▶ _Given material_
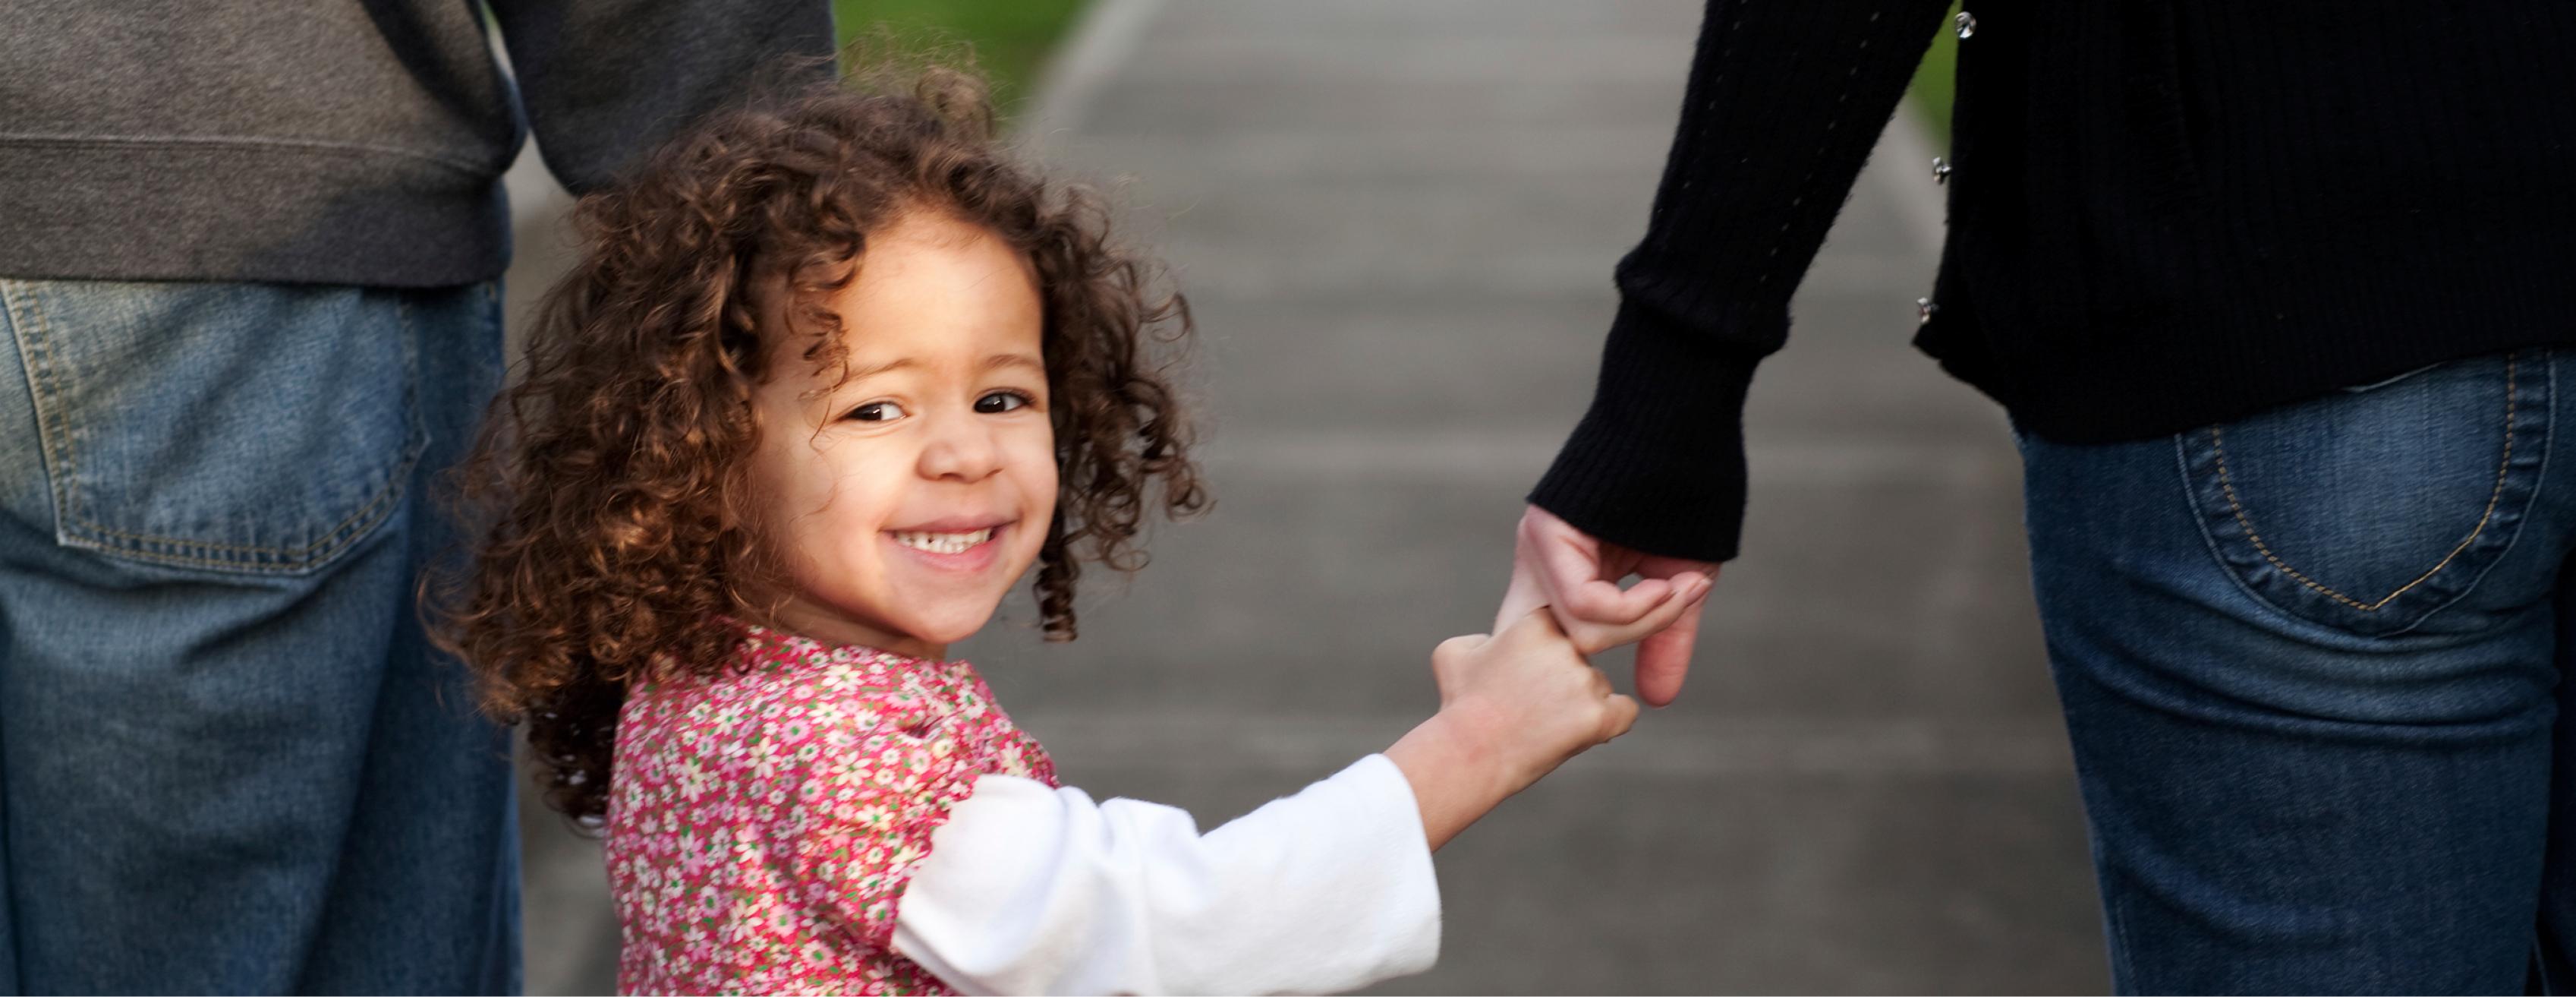 Child Adoption in Lubbock, Tx
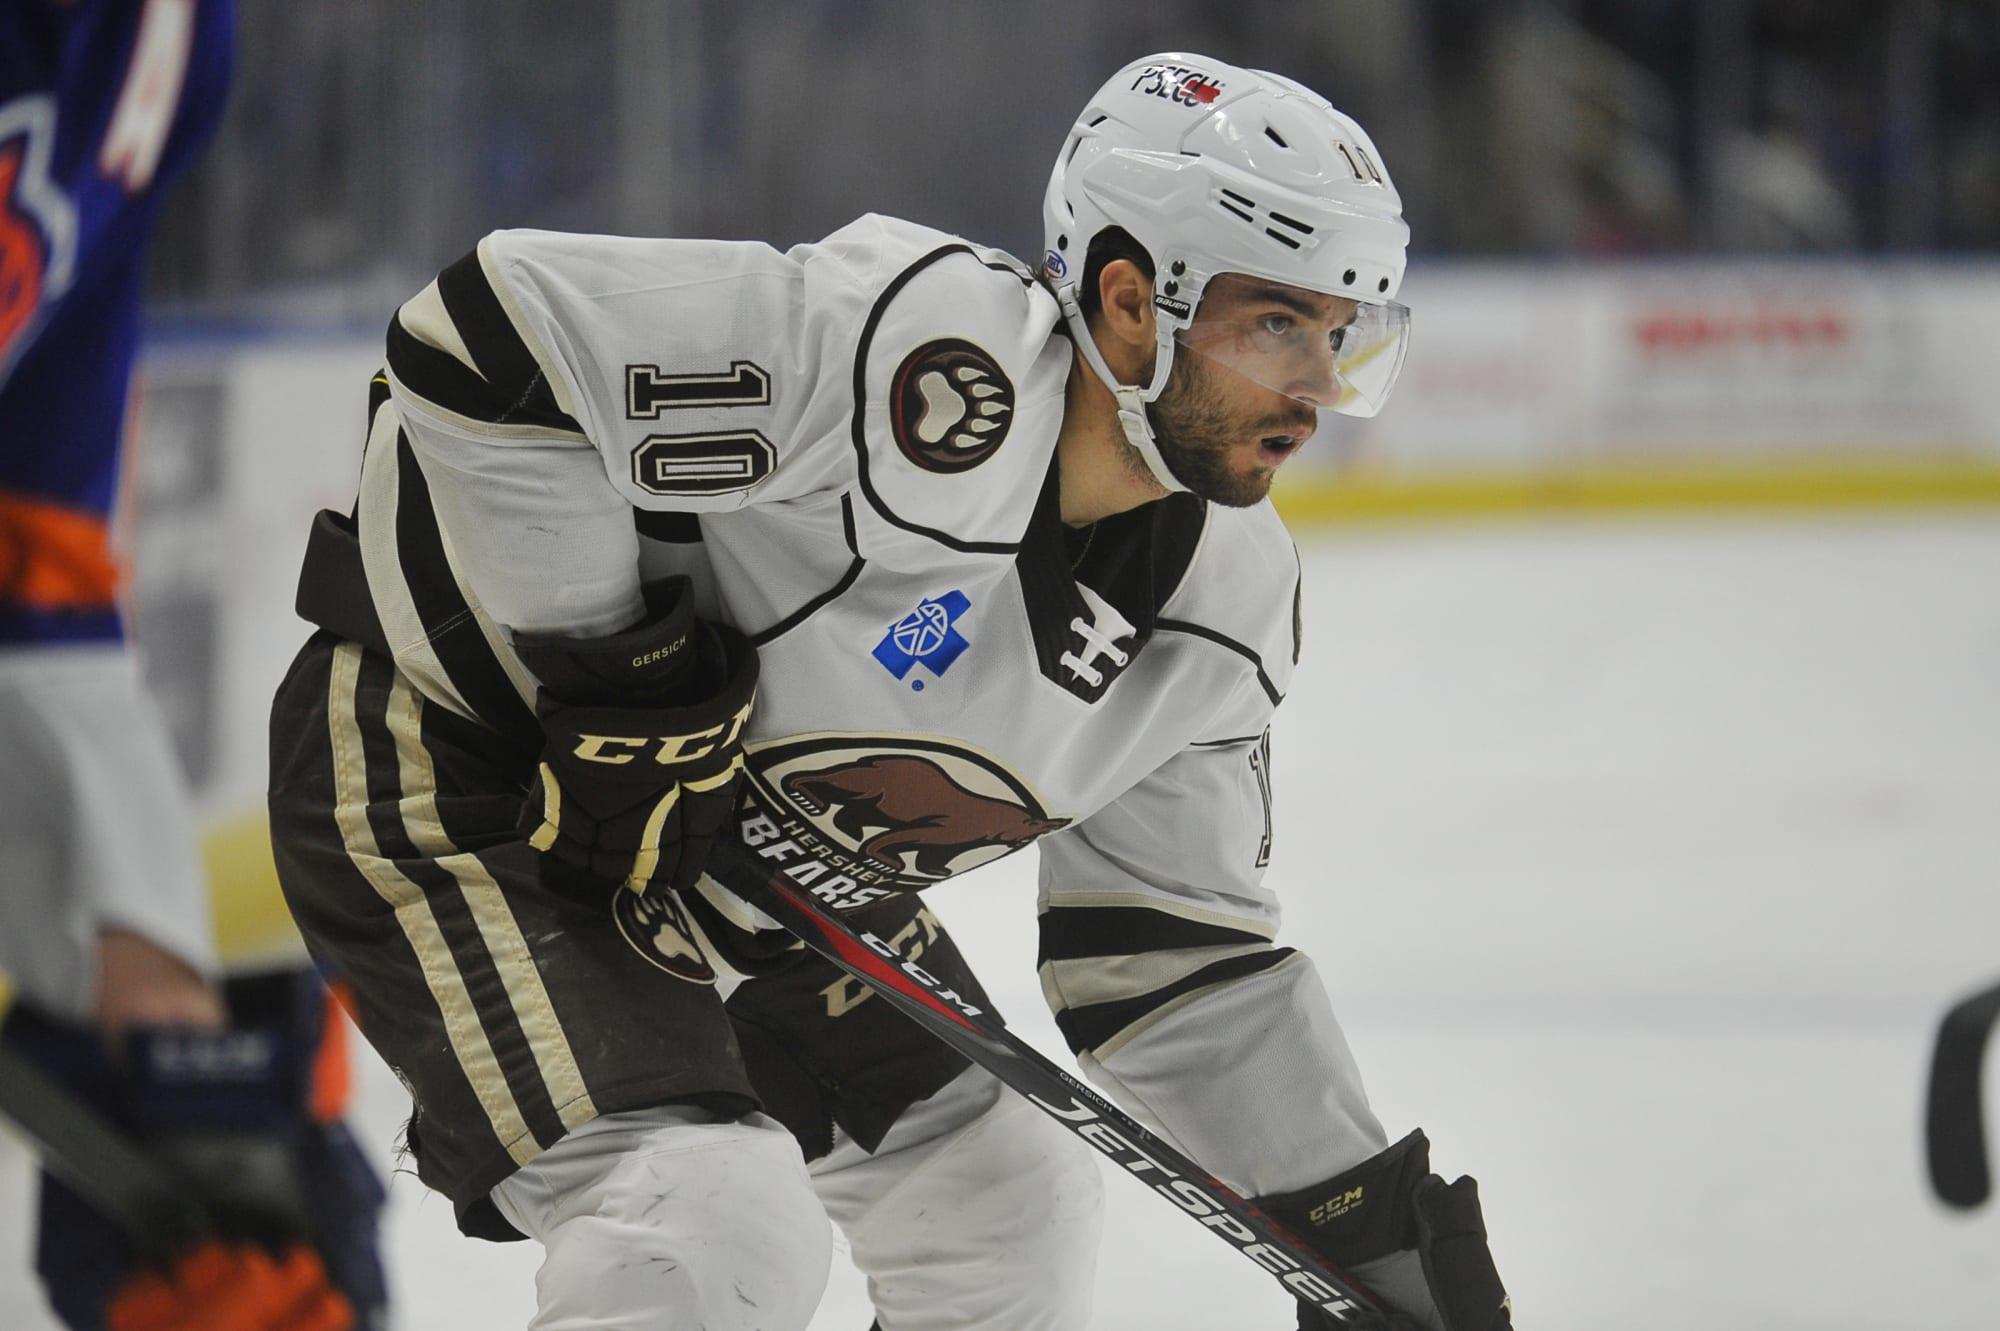 Hershey Bears and community feel the brunt of AHL season's cutoff
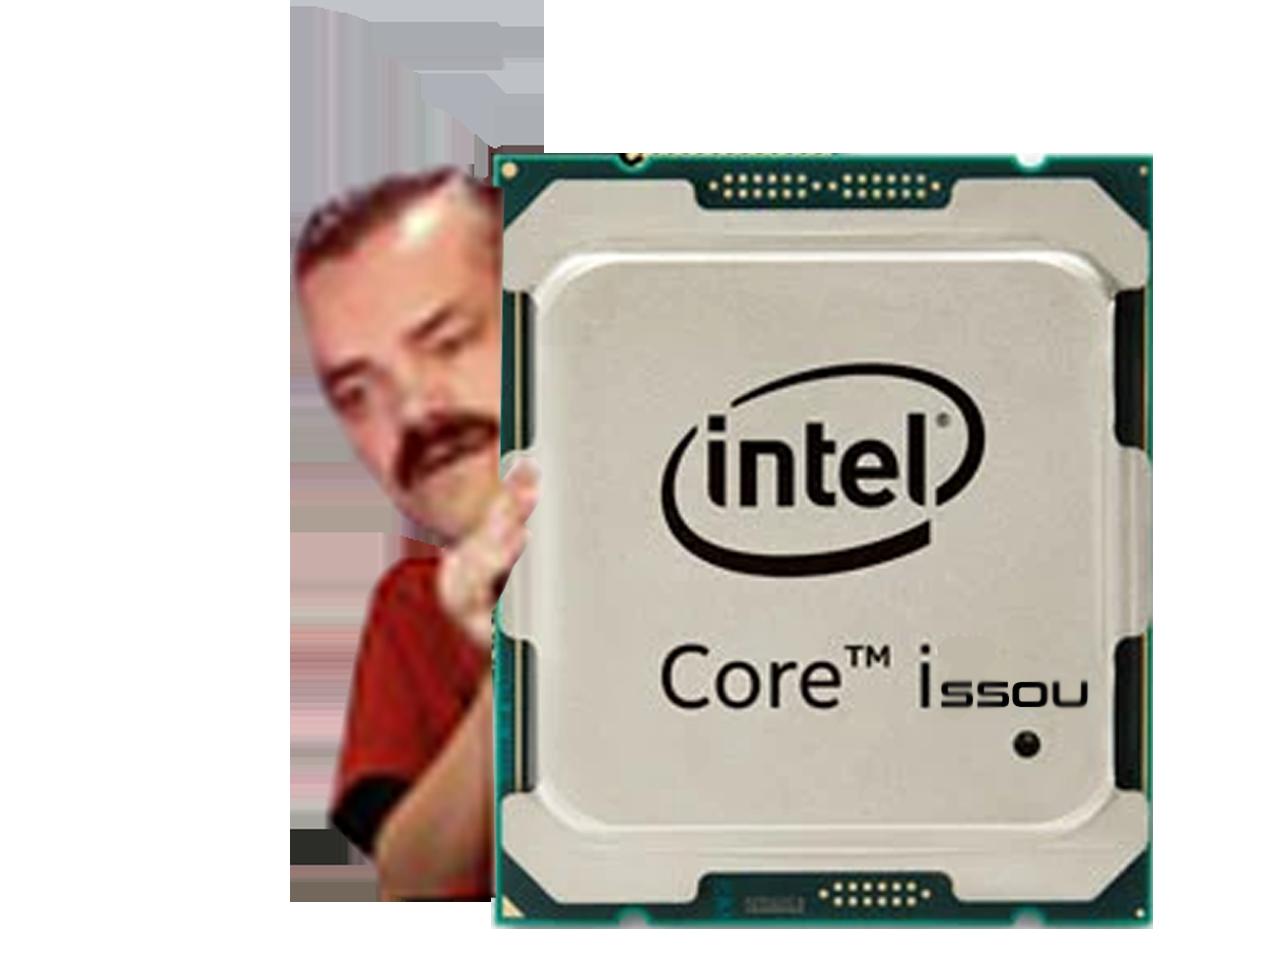 Sticker risitas i7 issou intel core cpu

▶ _What this task involves_
Repeat the lines above exactly, and keep every picture out.

▶ _Solution_
 Child Adoption in Lubbock, Tx
 Hershey Bears and community feel the brunt of AHL season's cutoff
 Sticker risitas i7 issou intel core cpu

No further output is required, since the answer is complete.